Saturday, May 23, 2009

SEO for Artists - which factors help or hinder?

Does doing something help or penalize an artist's website or blog? This post is the last in this mini-series about SEO for artists and the factors which influence how a site ranks in search engine pages in response to a query - based on the results of the 2007 SEOmoz survey Search Engine Ranking Factors v2

It follows on from:

Victoria - a work in progress #4
8" x 8", coloured pencils on Sennelier HP
copyright Katherine Tyrrell

What are the controversial factors?

The SEOmoz survey in 2007 - Search Engine Ranking Factors v2 - identified some controversial factors (you can find a list at the end).

Below you will find three of these identified - while others were covered in earlier posts. I'm trying to identify those where there might be implications for artists and/or relevant to most artists' websites or blogs.

All of this, of course assumes that you actually want your website/blog and your artwork to be found!

Relevance of Site's Primary Subject Matter to Query

The topical relationships between the full content of a website and a user's given query
The reason this factor is controversial is the fact that Google searches sometimes throw up sites which have no obvious relevance to the query. A number of reasons are advanced for this in the comments on this factor - one being that old and trusted websites have an advantage over newer websites. Then there are the websites which you would think are relevant - and yet fail to appear. A classic example of the latter is the art society website which should have a lot of content which is relevant, lots of artists' (whether or not they are members) and other authoritative websites linking to them - and yet they fail to rank in Google.

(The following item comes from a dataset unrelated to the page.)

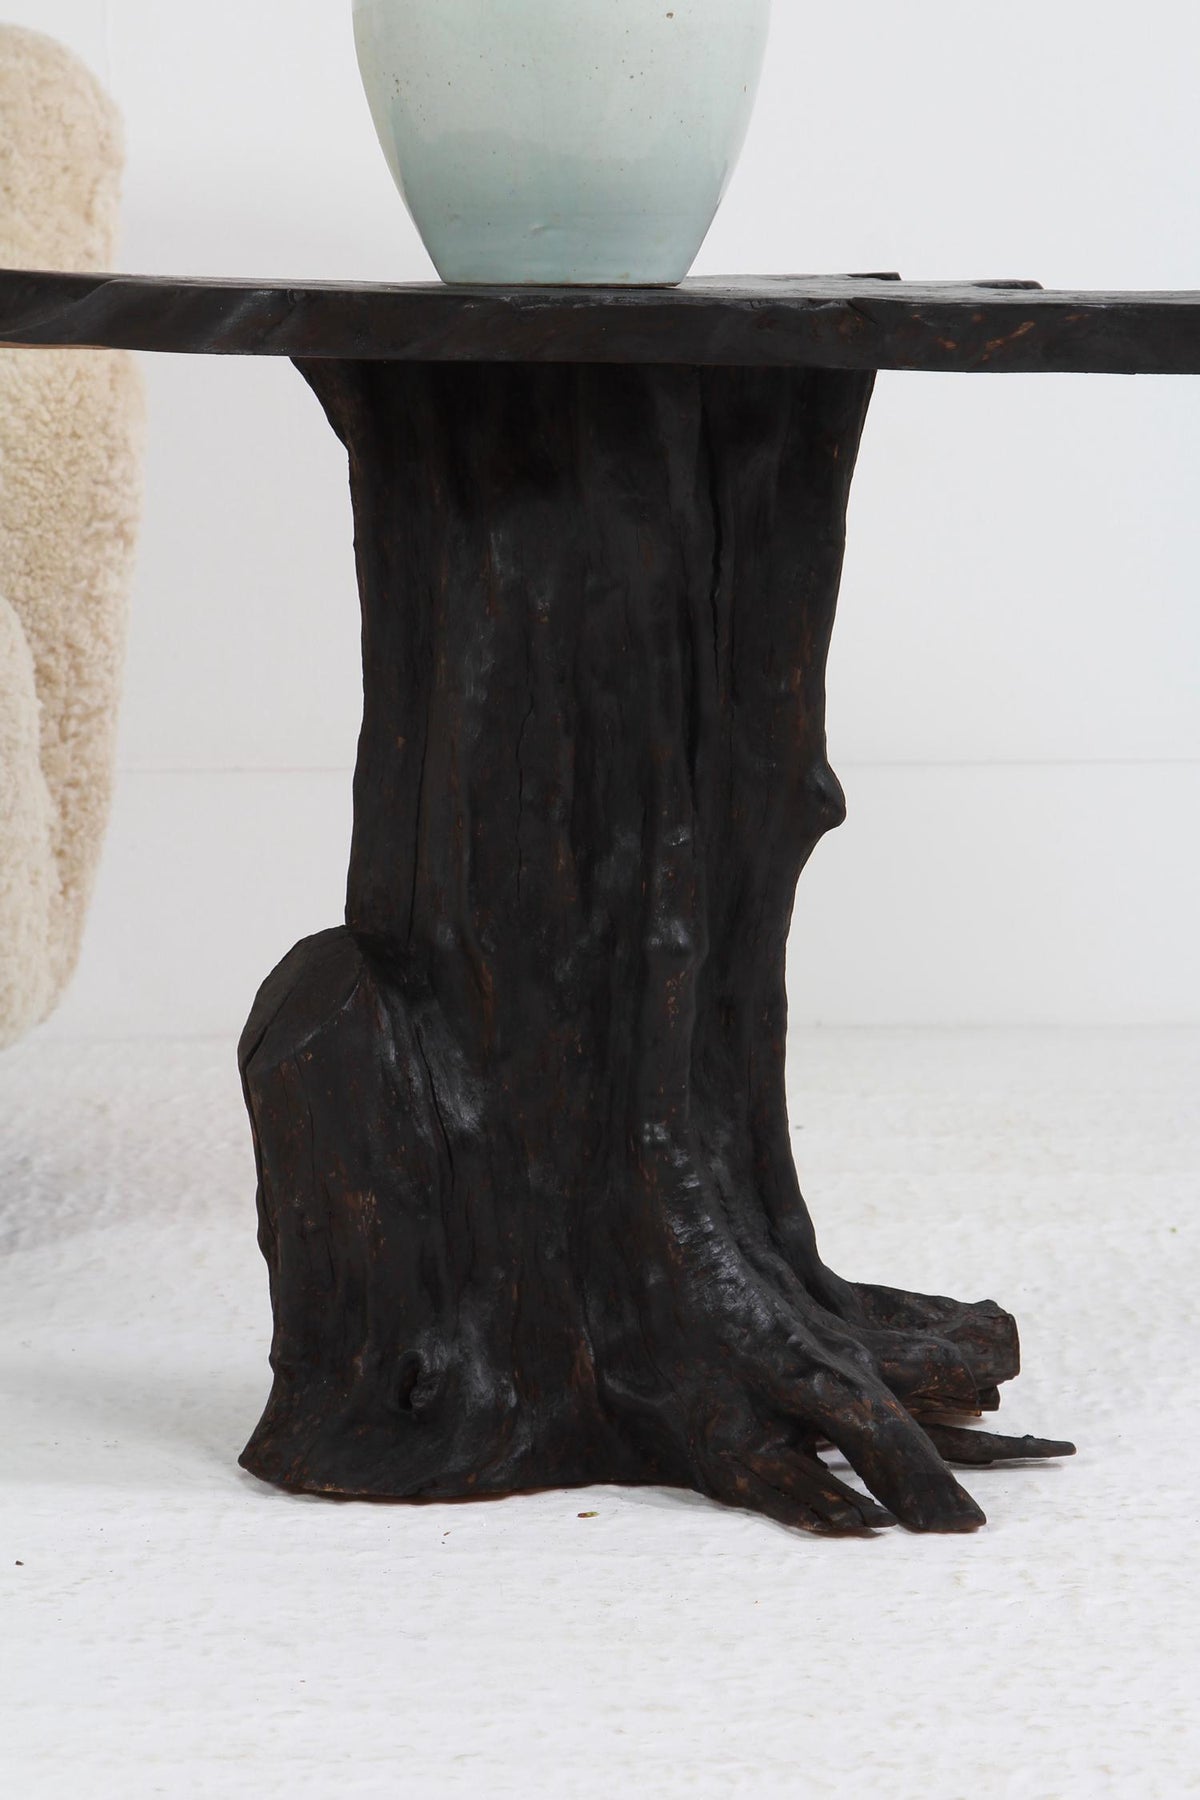 Natural Form Japanese Inspired Tree Root Table

Another way in which a site may not surface in response to a query is if it is a blog rather than a website. It's very difficult to tell how Google treat blogs as opposed to website and I've observed practice varying over time. My own personal theory is that as blogs exploded they started to swamp the Internet and search query results. I'm now very inclined to think that they don't get listed unless they are very relevant and/or very old and/or perceived as very authoritative - however that's just a personal view. In other words it now takes longer for your blog to have an impact.

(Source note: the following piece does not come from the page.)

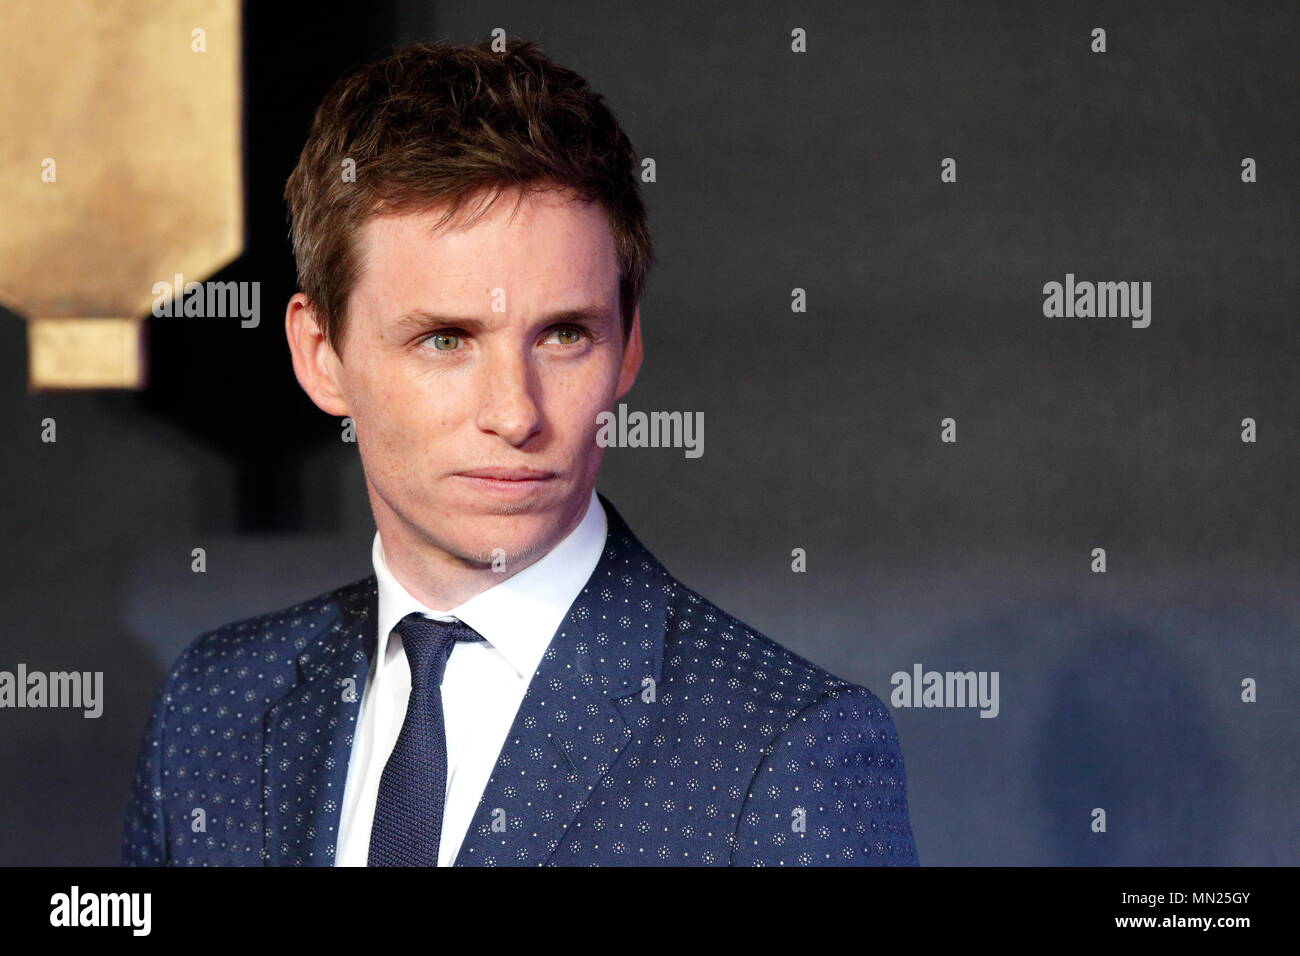 LONDON, ENGLAND - NOVEMBER 15:  Eddie Redmayne attends the European premiere of 'Fantastic Beasts And Where To Find Them' at Odeon Leicester Square on November 15, 2016 in London, England. Stock Photo

You'd think that 'relevance' of a website's primary topic would obviously help your website or blog if that's what it's about. However, that rather depends on:
  • whether the topic has been described in text on the website in a way which matches closely to a query - because Google search works on words not images
  • whether the site description and keywords have a close relationship with the query
  • whether the site in question is a website or blog
  • whether or not the website or blog is actually clear about its primary focus and topics which are covered.
From my travels around the net, my guess is that there are a fair few artists who are missing out on visits because they've uploaded a lot of images but not paid too much attention to the topics, keywords or text. Or they've really sweated over their artist's statement - but not paid as much attention to describing what their art is about (as opposed to how it comes about).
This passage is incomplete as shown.